Wednesday, May 8, 2013

Spain's Constitutional Court suspends Catalonia's Declaration of Sovereignty

Originally published in VilaWeb on May 8, 2013

The State's Attorney General appealed the Declaration considering it an “open challenge to the constitution with political and judicial ramifications”

The Spanish Constitutional Court has suspended the Declaration of Sovereignty approved by the Parliament of Catalonia last January 23, and has agreed to hear the appeal of the Spanish Government. It’s the first time in the history of the democracy of the Spanish State that it has suspended a parliamentary declaration.

The consequences of the decision are not yet clear, since it might also effect legislation based on the declaration, like for example, the creation of the National Transition Advisory Council.

Now the Constitutional Court has five months—beginning from March 8, when the appeal was presented—to completely analyze the matter and decide if it will declare the declaration unconstitutional.

The appeal of the attorney general emphasizes the fact that the Catalan people cannot be a sovereign political or judicial subject and that, in any case, the sovereignty to decide on a hypothetical secession resides in the whole of the Spanish people. According to the attorney general's appeal, the Declaration of Sovereignty approved by the Parliament is an “open challenge to the constitution” which “has political and judicial ramifications”. For the attorney general, that the Catalan people be defined as a “sovereign political and judicial subject” is “neither more nor less than an act of constituent power” which attributes the right to secession to the Catalan people.

The Parliament is preparing its defense 

The president of the Parliament, Núria de Gispert, announced that she has already ordered the legal services of the Catalan chamber to prepare the brief of the pleadings, which must be presented within twenty days.

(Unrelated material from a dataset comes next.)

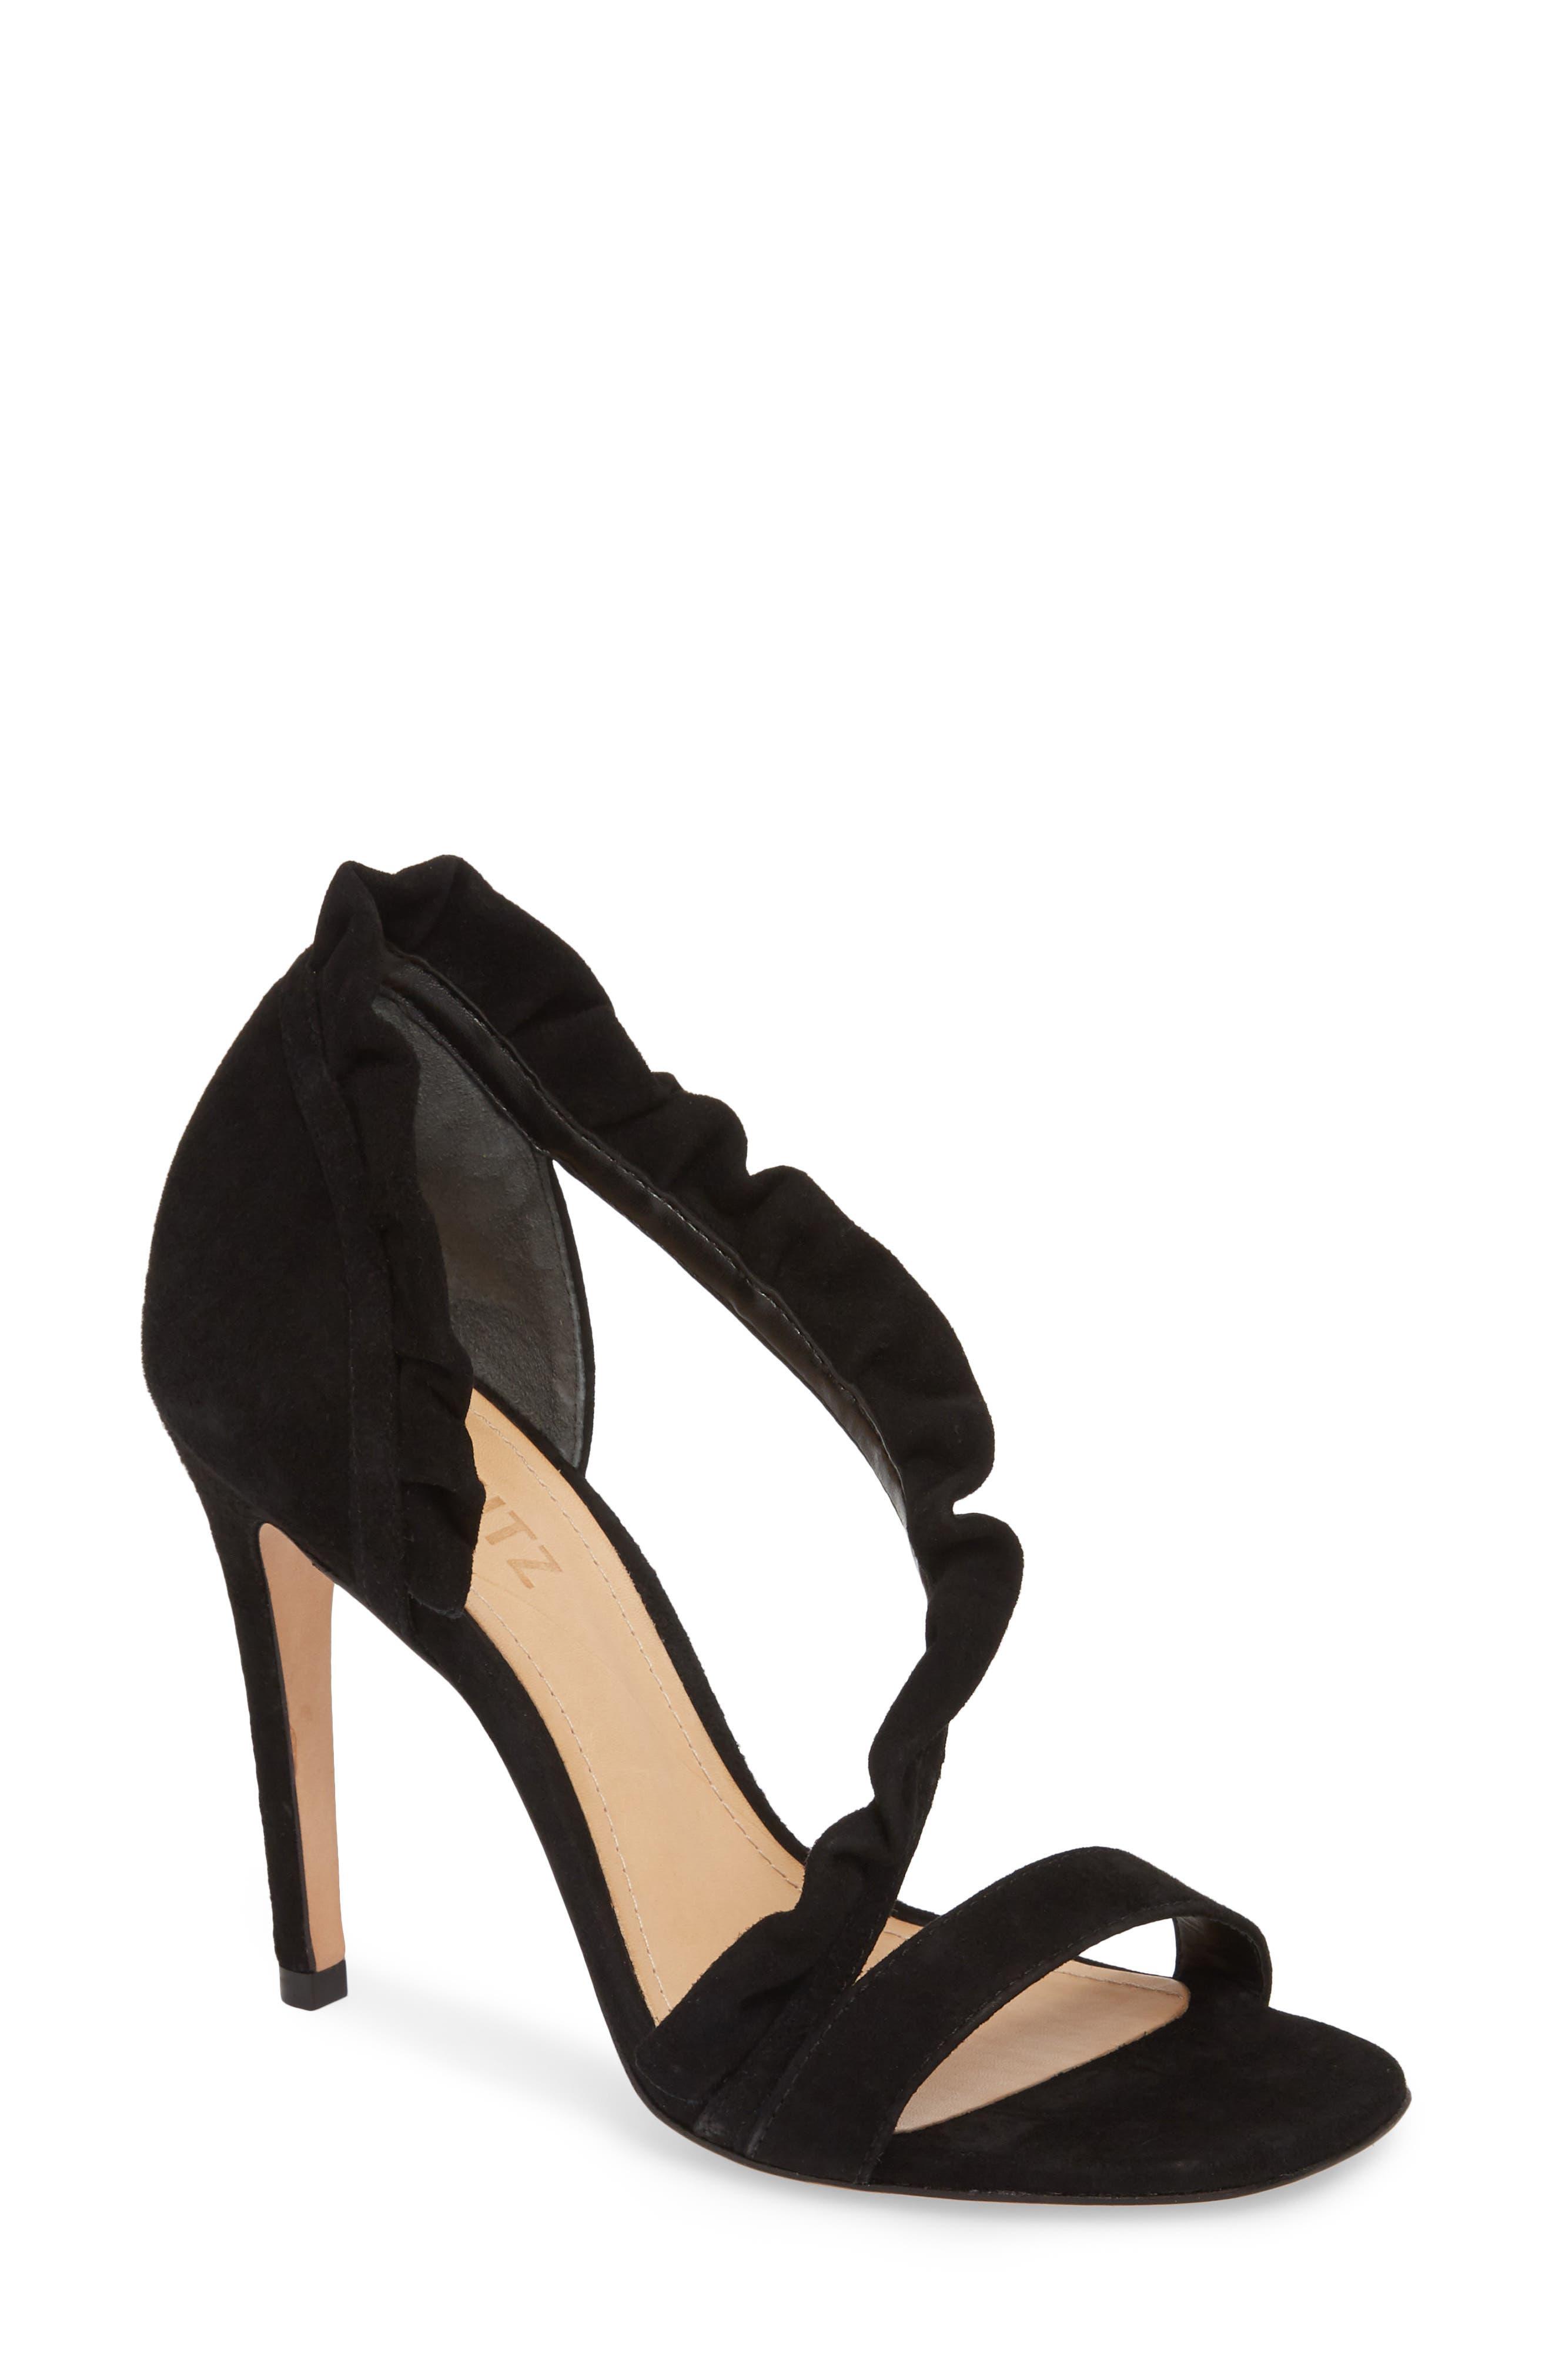 Schutz Aim Ruffle Sandal, Black

De Gispert qualified the decision as unusual, and noted that it doesn't make any “judicial sense” bringing a political declaration to the Constitutional Court. “We have never before had a proposed resolution, that has the meaning that it has, that comes from a political initiative, that is a political declaration; we have never before had a proposed resolution appealed before,” the president said. She has called for a meeting of the Board of Speakers on Thursday morning.